For this exercise, output exactly and only the lines running from the one with "18-jun-2016-noche-de-la-calentita-en-gibraltar_27222140483_o" through the final line of the data below, without pictures.

- COLLECTED DATA -
..............................
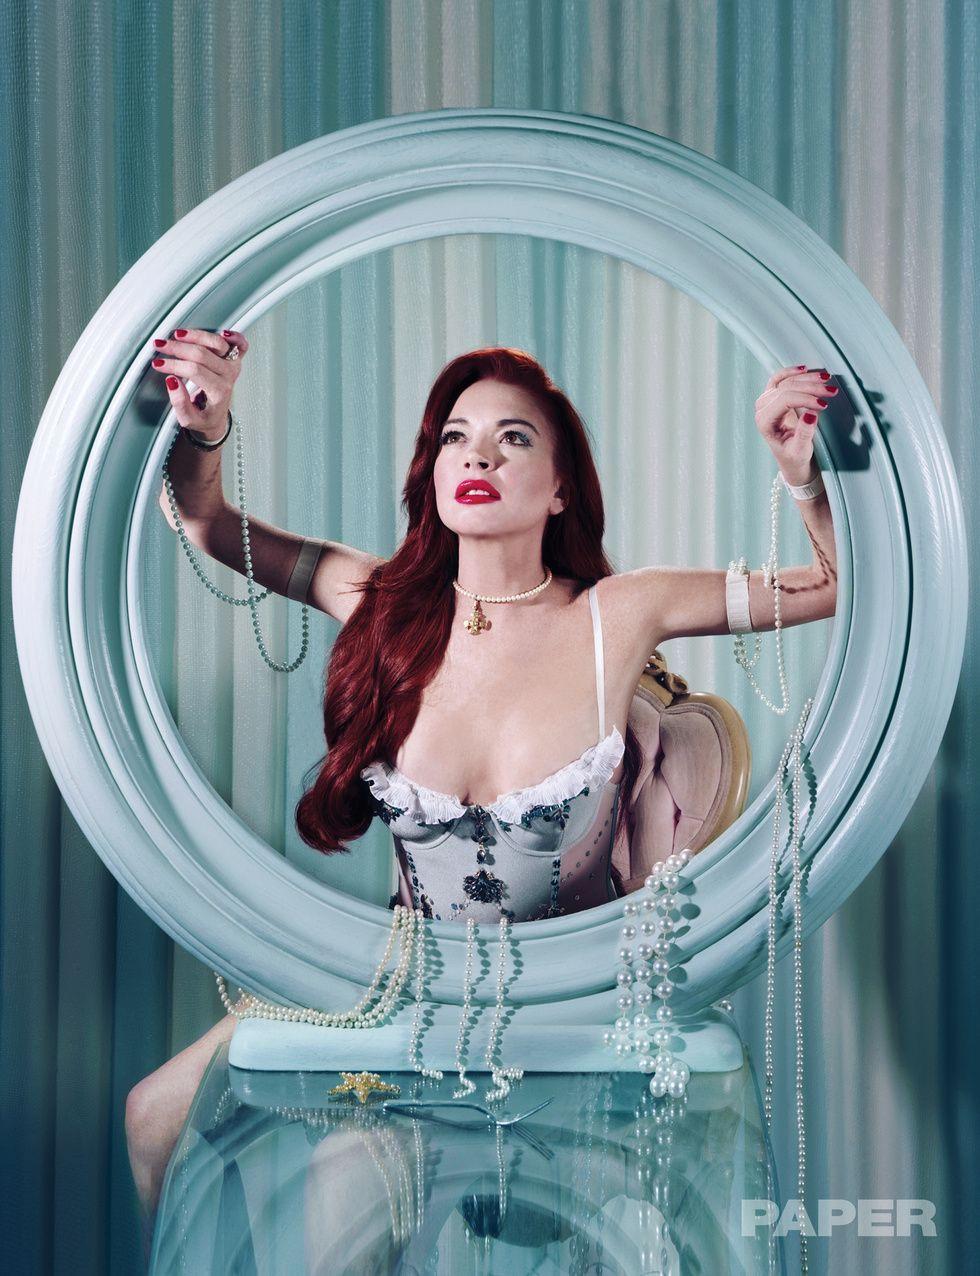 Lindsay Lohan Disney prensesi oldu! - Sayfa 4
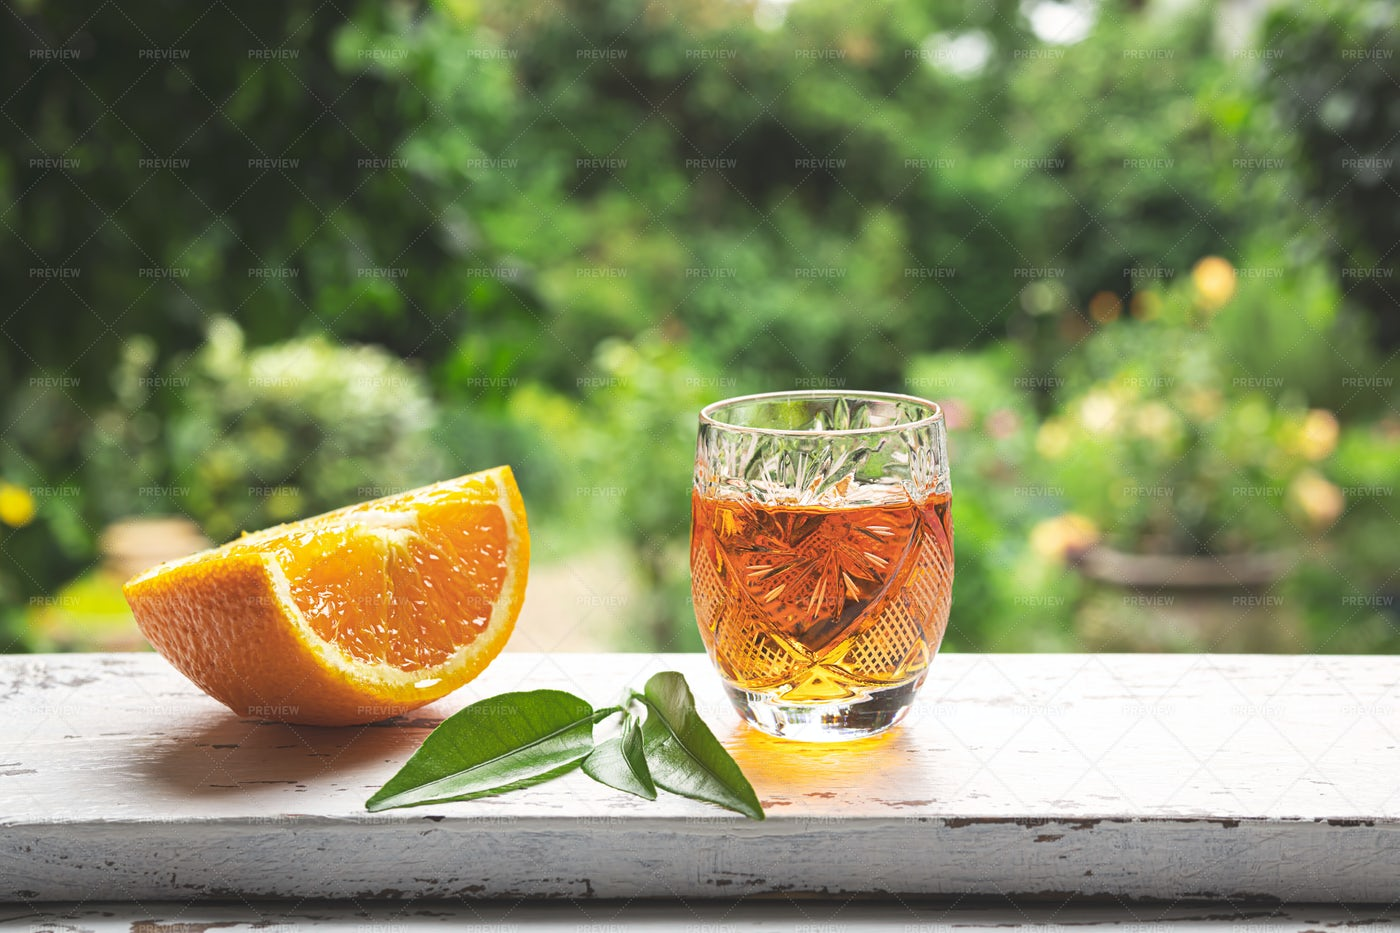 Tangerine Liqueur On A Windowsill: Stock Photos
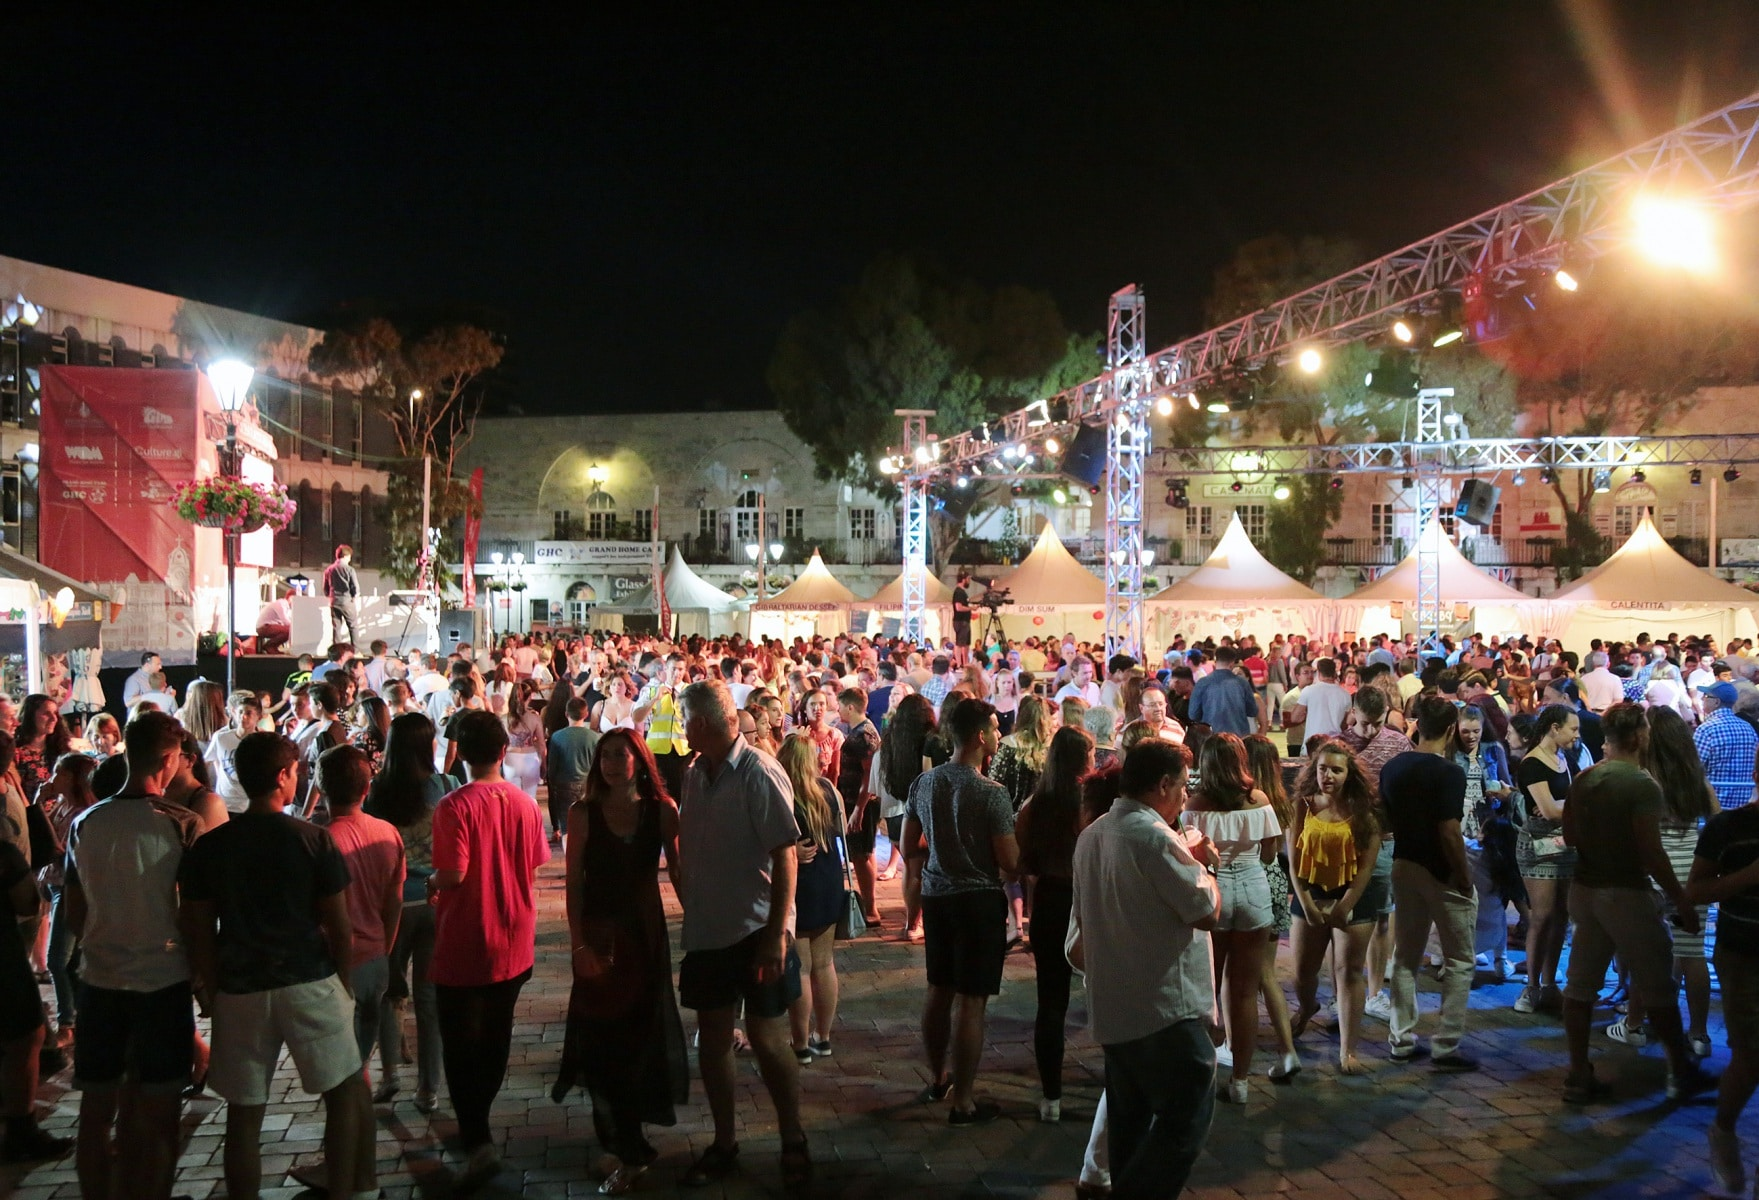 18-jun-2016-noche-de-la-calentita-en-gibraltar_27222140483_o
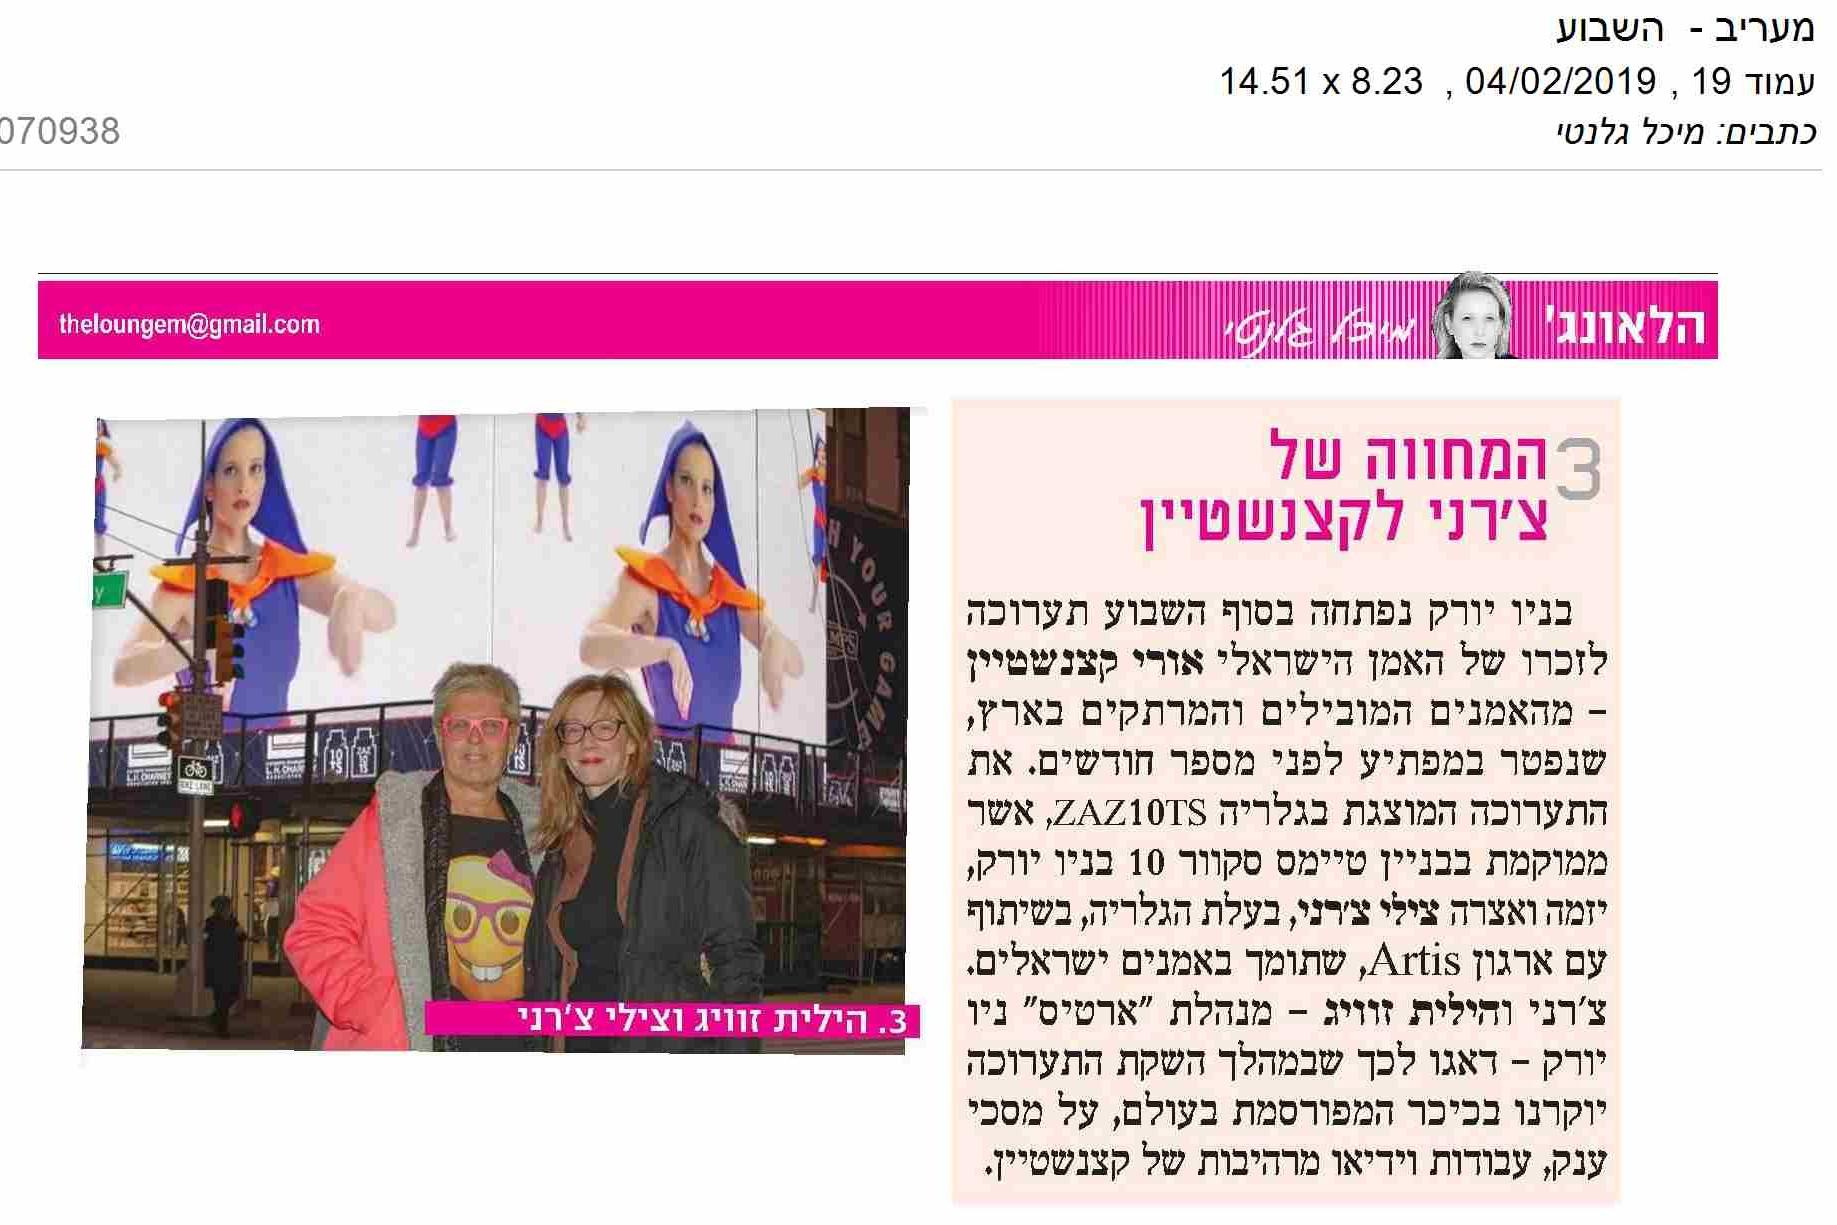 Maariv  - The Lounge | February 4, 2019
..............................
- SOLUTION TO THIS TASK -
 18-jun-2016-noche-de-la-calentita-en-gibraltar_27222140483_o
 Maariv  - The Lounge | February 4, 2019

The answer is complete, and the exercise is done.